Sunday we had our first bradley birth class. It was really fun to get to be with other couples going through the same things as us, and being able to all talk about our little girls and boys. The class was really encouraging and I think it is going to be such an asset.











baby: Considering what happened... she's a champ. My only prayer is that the adenosine won't have any lasting effects on her. We were assured that it won't... but it's still hard to think about. I've been so cautious to not take anything...and here they are giving me a drug that stops my heart for a few seconds. It is all in God's hands and not mine. He is mighty to save.

me: i've talked enough about me.

Wednesday, March 9, 2011

24 weeks. back home.

What an awesome vacation! We had such a blast, and are now ready for the rest of the crazy year.

We had a great flight home and somehow arrived early! Our shuttle driver was from India and told us all kinds of unknown facts about India and the Indian people. "You wouldn't believe it if i told you... that Jesus is actually buried in India." he was right... we don't believe it.

During the trip, Naz and i talked about how much fun it will be that the next time we come we will have a little girl with us, a little girl who recently decided to start kicking a lot. She's getting strong too, she moves my whole body when she moves....so weird.

Now that we are home, all i can think about is getting ready for her to come, even though I should be unpacking. We are able to move into a 2 bedroom apartment in the same complex we are in now which is SO rad. We love where we live and now having a bedroom for the little girl just makes it even better. I had no idea where i was going to put her or any of her stuff in our little place, but now its on to cleaning, de-cluttering, organizing, and painting a new apartment. Lord give me strength.
baby: like i said... she is moving. a lot. She might not be lazy like we were hoping. haha. It's great that Naz can finally feel her move. I love our family time.

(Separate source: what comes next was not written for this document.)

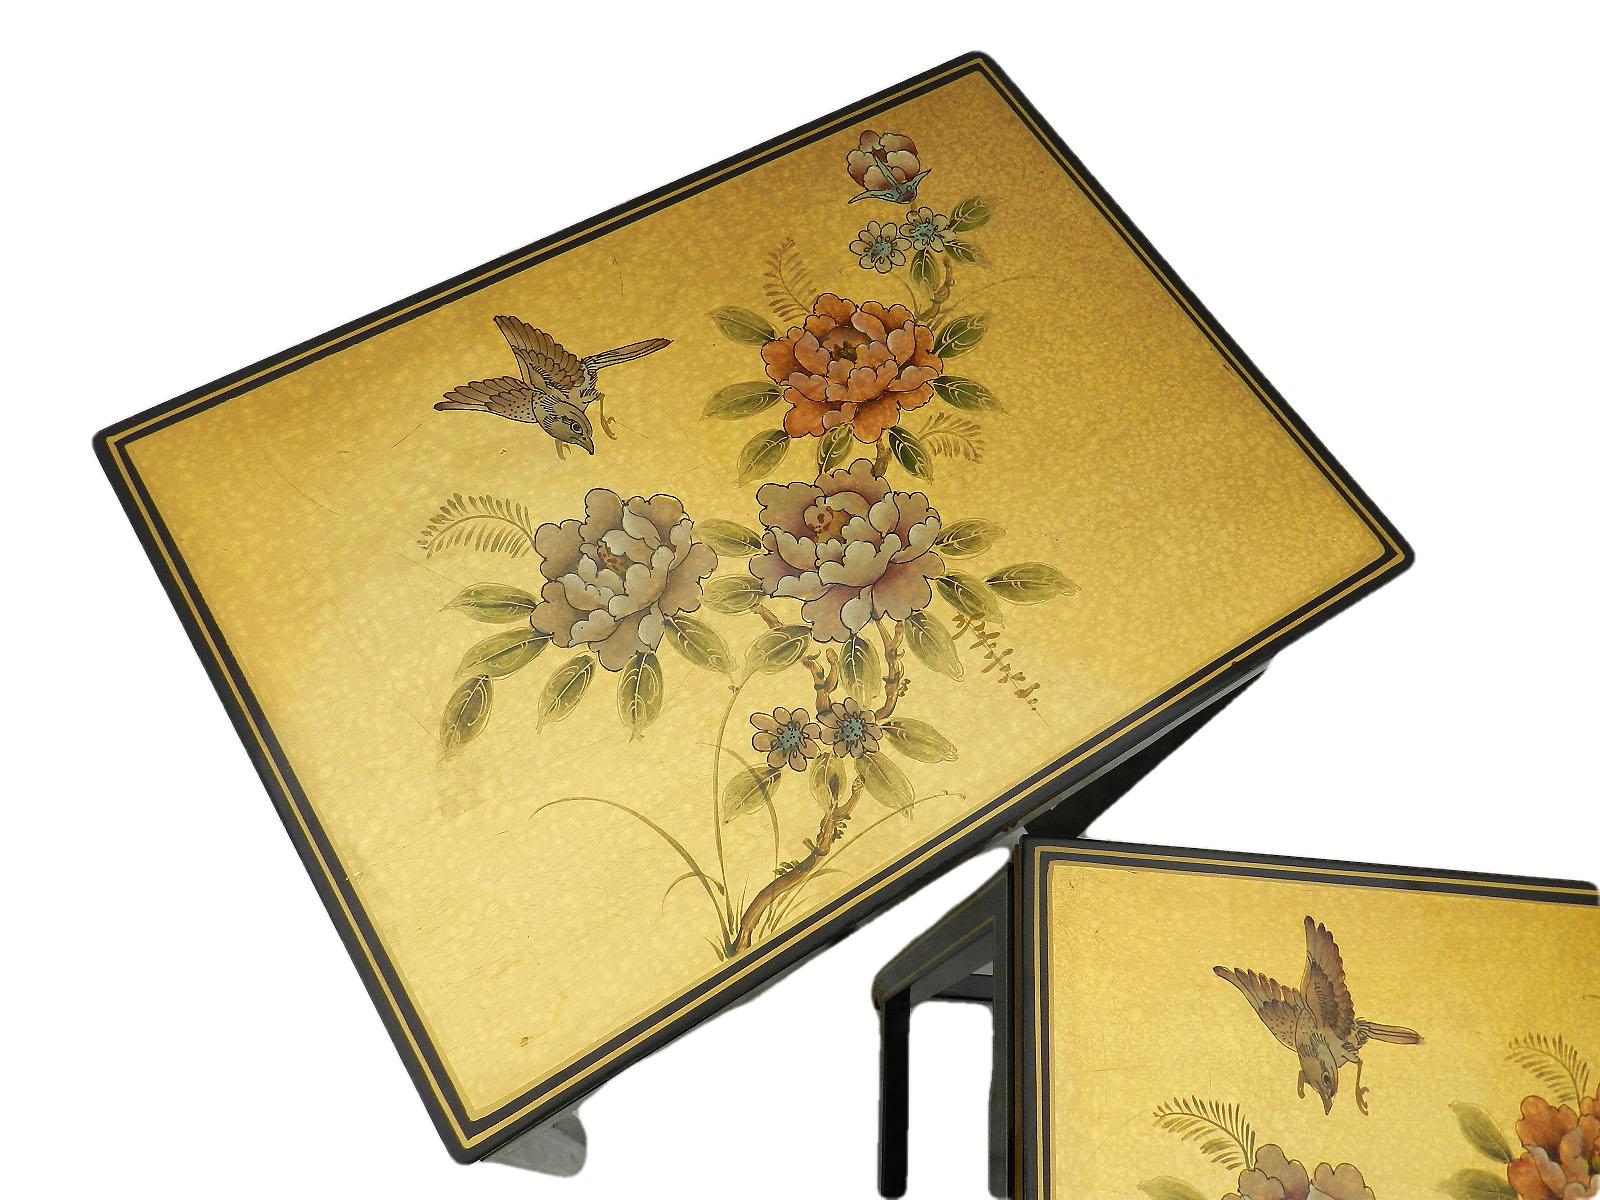 Chinese Chinoiserie Nesting Tables Black Lacquer Decorative Gold Birds Flowers

mom: I did surprisingly well on our trip. I had lots of energy to keep up with everyone else. our last day i got a little burnt so i stayed home for the second beach adventure, but i did much better then i thought i was going to... energy is an awesome thing.

Saturday, March 5, 2011

loving.

We are loving our time here in hawaii.... so what if it rained the first two days? and it wasn't just typical hawaii rain... it was a solid downpour. Today it cleared up enough for us to try some snorkeling. Jon wasn't feeling too well so he and Jen stayed at the house while Naz and i went down to Kapa'a for lunch and to go to some shops. We then went to 'Anini beach and Naz talked me into going into the water. It was a little chilly but it was mostly because of the pounding wind and the sun wasn't out completely. Naz saw a huge blue fish but i missed it. When we got out i noticed this local guy combing thru the sand with a little jar, i asked him what he was collecting and he showed me these tiny little sea shells. they were so rad! Naz and i spent the next 20 min collecting them... I'm so excited to bring them back home to the jar of sand that we brought home the last time we came.

at 'anini beach

at ke'e beach

Tuesday, March 1, 2011

23 weeks. hawaii tomorrow

we leave in the morning for hawaii. i'll have to write more about what a blessing it is to get to go. how things that aren't that important in the whole scheme of life... like going on a vacation.. are still important to God and He wants to use them to bless His kids.

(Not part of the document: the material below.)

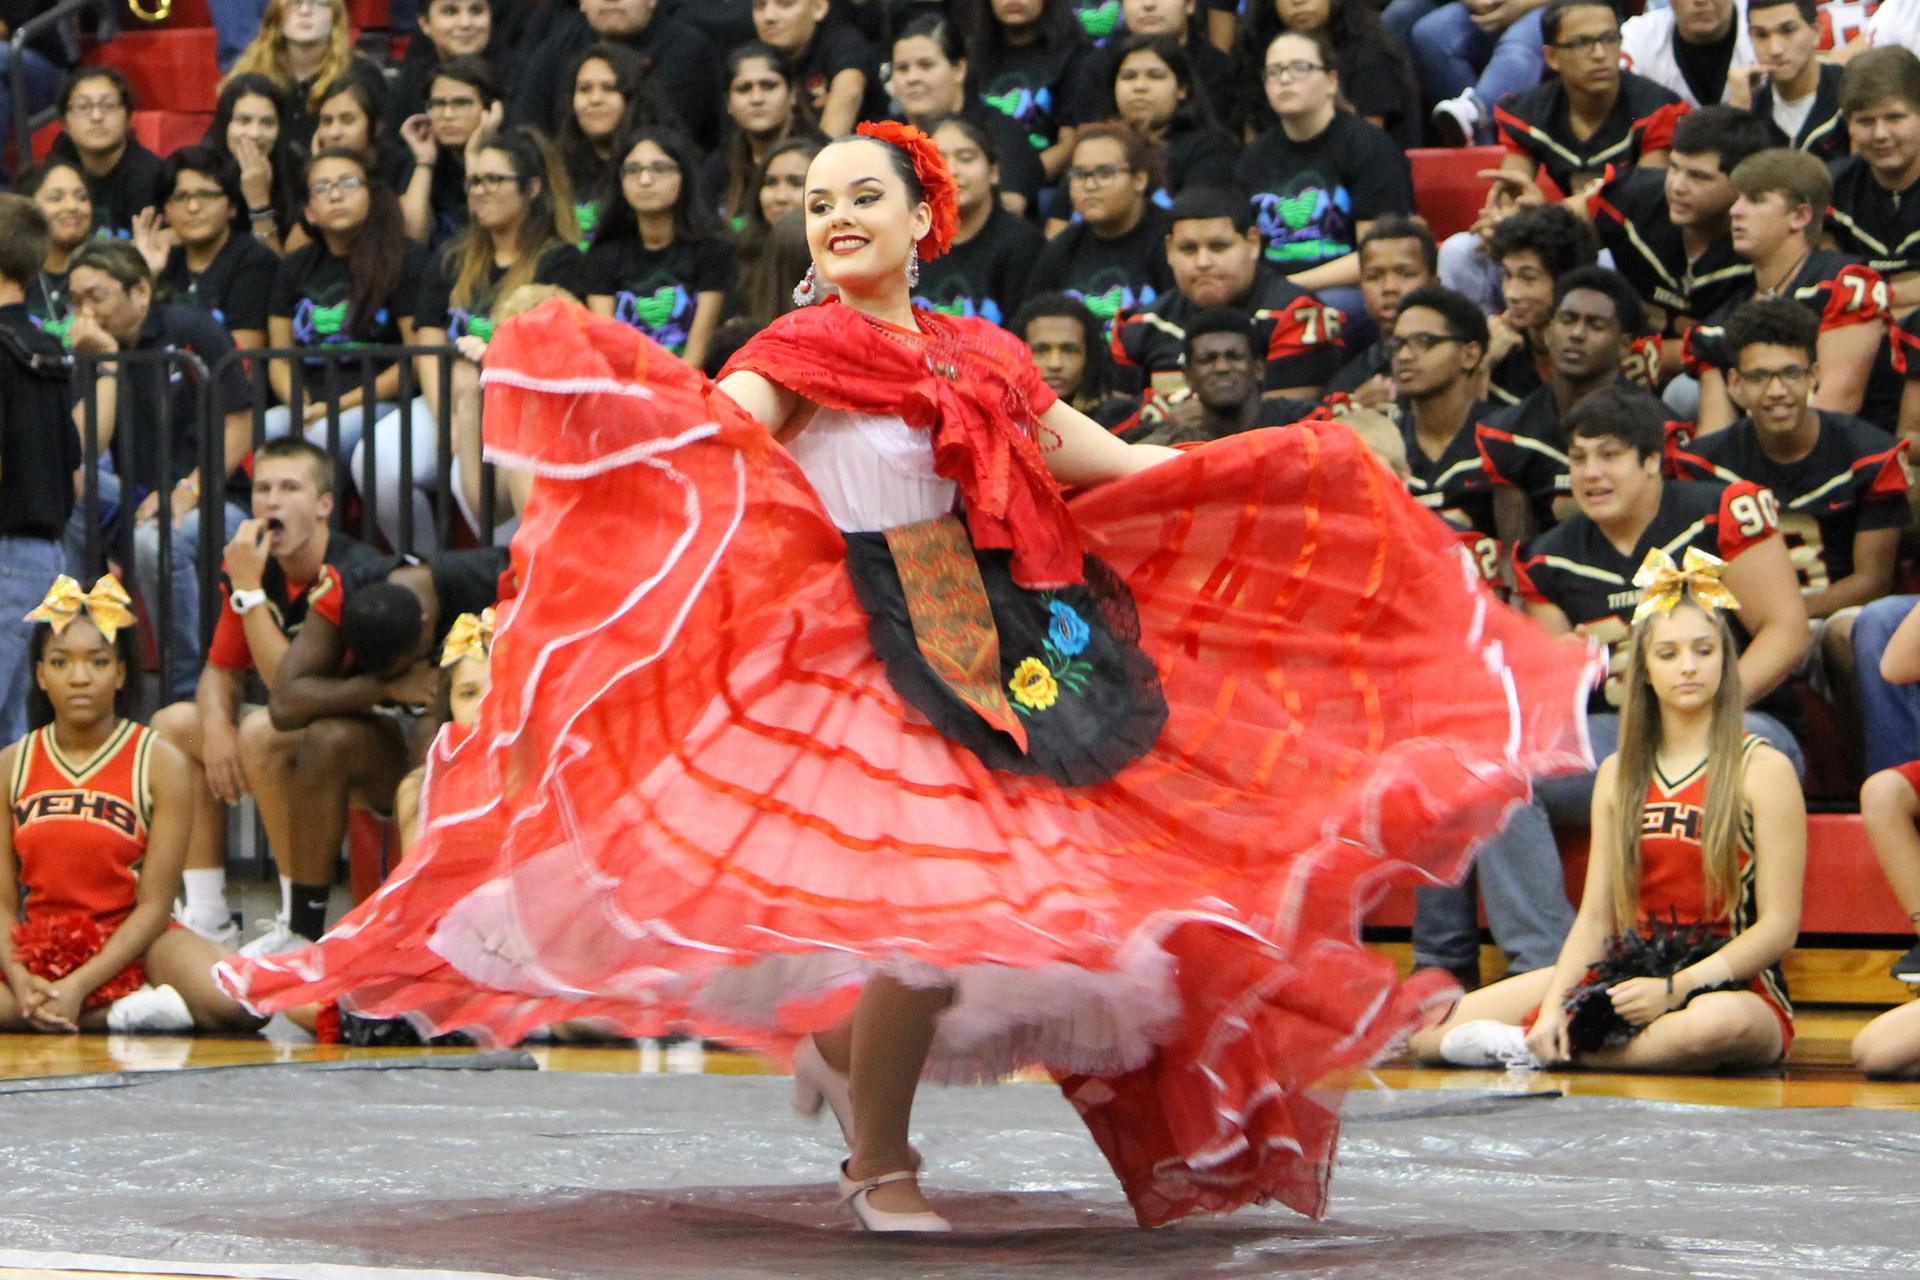 Ballet Folklorico:  Performer in a red dress dancing.

the house is clean. laundry done. bags packed. and the pigs are at their aunty brandy and uncle ash's house for the week. jen and jon are here asleep in the living room and we are getting ready for bed.

i've been busy preparing for our trip that i didn't take a 23 week picture. but i figure there will be plenty of time to do that while in hawaii. with a much better backdrop then my shower curtain.

aloha.

mom: trying not to get freaked out about all the little things and trying to just enjoy the ride. oh and milk of magnesia is awesome.

baby: apparently she can hear pretty well... and she's still moving around the same as last week. naz finally got to feel her a few days ago and that was pretty cool.